The film samples were subjected to in-vitro dissolution studies using USP Type II dissolution apparatus at 37±2°C and 50rpm speed in 900ml dissolution medium. The different dissolution medium like 0.1N HCl and Simulated saliva were used for the study. Simulated saliva pH 6.8 was prepared by using sodium chloride (8 g/l), potassium phosphate monobasic (0.19g/l), sodium phosphate dibasic (2.38g/l). Film (dimension: 3cm x 2 cm) was submerged into the dissolution media and appropriate aliquots were withdrawn at 1, 2, 3, 4, 5, 7, 10, 15 and 20 minute time intervals. The samples were filtered through what man filter paper and analysed spectrophotometrically at λ max of drug (Model UV-1700 UV-Visible spectrophotometer, Shimadzu, Japan). Sink conditions were maintained throughout the experiment^15,16 [Table 3]. The comparative release profile of various formulations of Sacubitril Sodium was shown in figure 1.

FTIR Studies:

FTIR spectra of pure Sacubitril sodium, HPMC-E5 and physical mixture of polymer with drug [Figures 1-3] were recorded on Agilent FTIR spectrophotometer. The instrument was operated under dry air purge and the scans were collected with resolution of 4cm^-1 over the region 4000-400cm^-1. The scans were evaluated for the presence of principle peaks of drug^{17, 18}. The results were shown in figures 2 -4.

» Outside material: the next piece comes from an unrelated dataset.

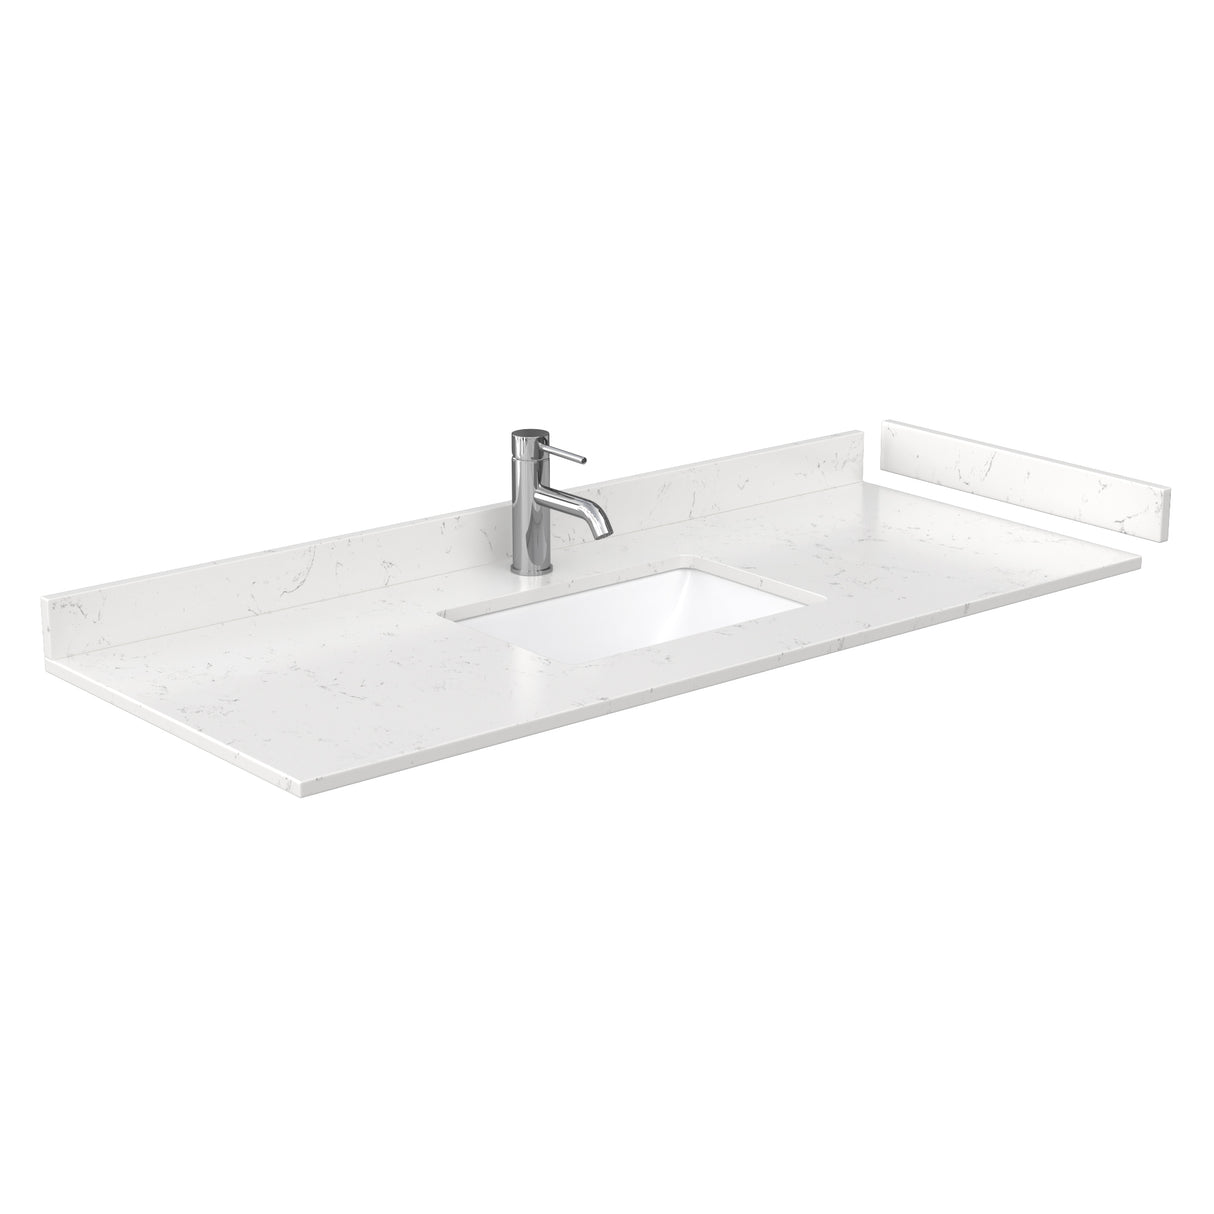 Beckett 54 Inch Single Bathroom Vanity in Dark Gray Carrara Cultured Marble Countertop Undermount Square Sink No Mirror

Differential scanning calorimetry (DSC) study:

Differential Scanning Calorimetry (DSC) can be used to investigate and predict physicochemical interaction between components in a formulation thus helps in selecting suitable chemically compatible excipients. Any interaction would be indicated in the thermogram of a mixture by the appearance of one or more new peaks or the disappearance of one or more peaks corresponding to those of the components. Any polymorphic change in the drug causes changes in the melting point, bioavailability and release kinetics. The DSC thermogram was obtained for pure Sacubitril sodium, HPMC-E5, PEG 400 and their physical mixture [Figures 5-7]. In physical mixture those excipient were added that were expected to be used in the development of formulation. DSC thermograms of Sacubitril Sodium and Sacubitril Sodium containing films (only K3) were recorded on a thermal analyzer (DSC, Q200, and VA 24.2). The samples were heated from 30° to 300°at a heating rate of 10°/min in an inert nitrogen atmosphere. The temperature calibrations were performed periodically using indium as a standard and thermograms obtained were observed for any interaction¹⁹.

RESULTS AND DISCUSSION:

Fast-dissolving films of Sacubitril Sodium were prepared by the solvent casting method on glass molds, using HPMC-E5 as polymer. Propylene glycol was used as a plasticizer and Sorbitol as a sweetener. Distilled water was used as a solvent for HPMC-E5. Tween80 at suitable concentrations in an increasing order along with this polymer concentration was included in some formulations as Tween80 maintains the pH range of oral cavity thus making the drug available for systemic circulation from oral cavity. The effect of the concentration ratio of polymers and nature of polymers was studied by preparing various formulations of fast-dissolving films. In the preparation, the addition of ingredients, particularly propylene glycol and sorbitol was followed after the careful evaluation of films for physical characteristics. In all these formulations, a constant amount of drug (50mg) was maintained. The casting solution (10ml) was poured into 25cm² molds, so that each square centimeter contains approximately 0.8 mg of the drug. Polymers were used in different concentrations and the concentration of other ingredients such as plasticizer and sweetener were kept constant. Fast-dissolving films of Sacubitril Sodium were evaluated for various parameters. In the present study, eight formulations were prepared by varying the polymer concentration.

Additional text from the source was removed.